While waiting for the web server to fill the Rails pipeline, open a web browser to http://localhost:3033. After the pipeline fills, in the web browser window you see :

    Yay! You’re on Rails!

When ready to stop the Rails server, press control-C :

    The vagrant-ruby-rails guest-vbox terminal SSH session prompt returns.

When ready, end the vagrant-ruby-rails guest-vbox SSH terminal session :

$ exit

    The terminal session prompt of the host returns.

When you wish to do so, you may remove everything which was installed, by using the following commands.

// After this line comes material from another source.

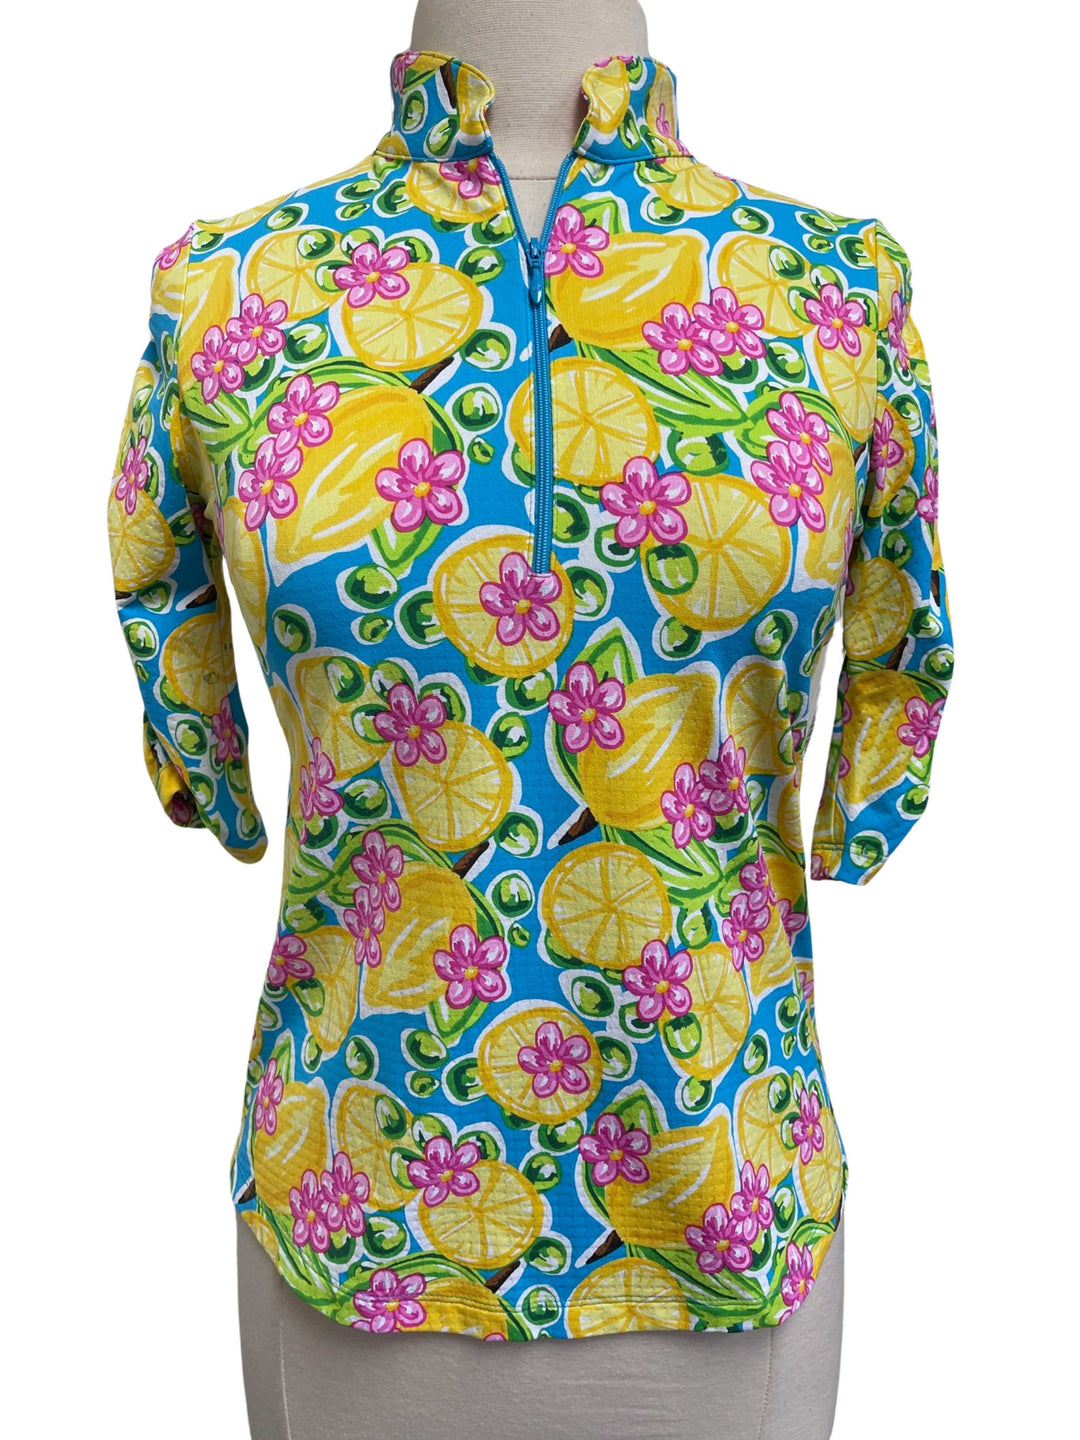 IBKUL Calista Print Ruched Elbow Length Sleeve Top- Size Small - Skorzie
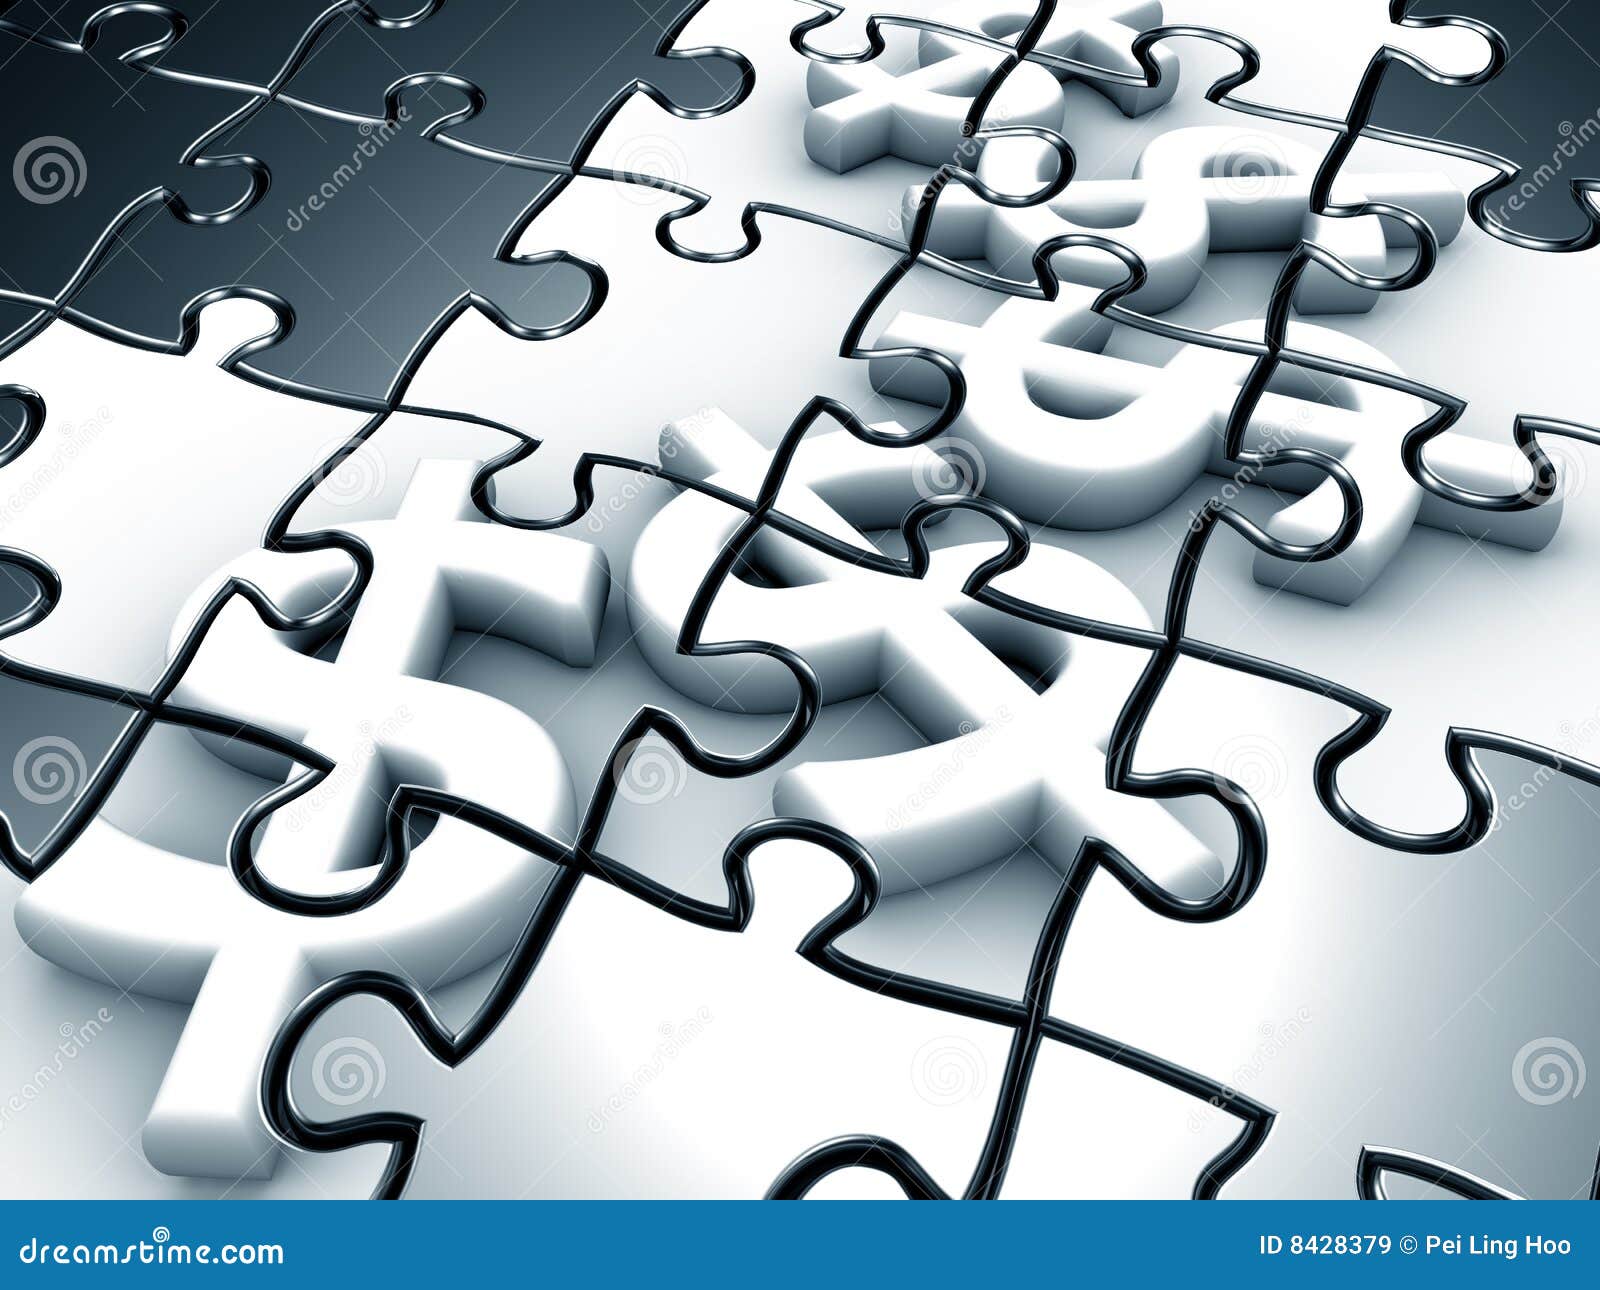 Help Support Guidance Direction Assistance Puzzle Pieces Illustration Stock  Illustration by ©iqoncept #401483174

  1. Remove the vagrant-ruby-rails guest-vbox from the host computer :

$ vagrant destroy

    The vagrant-ruby-rails guest-vbox has been stopped.
    The vagrant-ruby-rails guest-vbox virtual machine files have been removed.
  1. Remove the vagrant-ruby-rails project files from the host computer :

$ cd .. && rm -r vagrant-ruby-rails-master

"And just like that, she was gone."

Software Installation

Before beginning installation of vagrant-ruby-rails, you must already have Vagrant and VirtualBox installed and properly configured. The versions used for development and testing are Vagrant 1.9.3 and VirtualBox 5.1.14. Other "close" versions may work. For more information, see the section near the end of this document, titled, "Other Notes".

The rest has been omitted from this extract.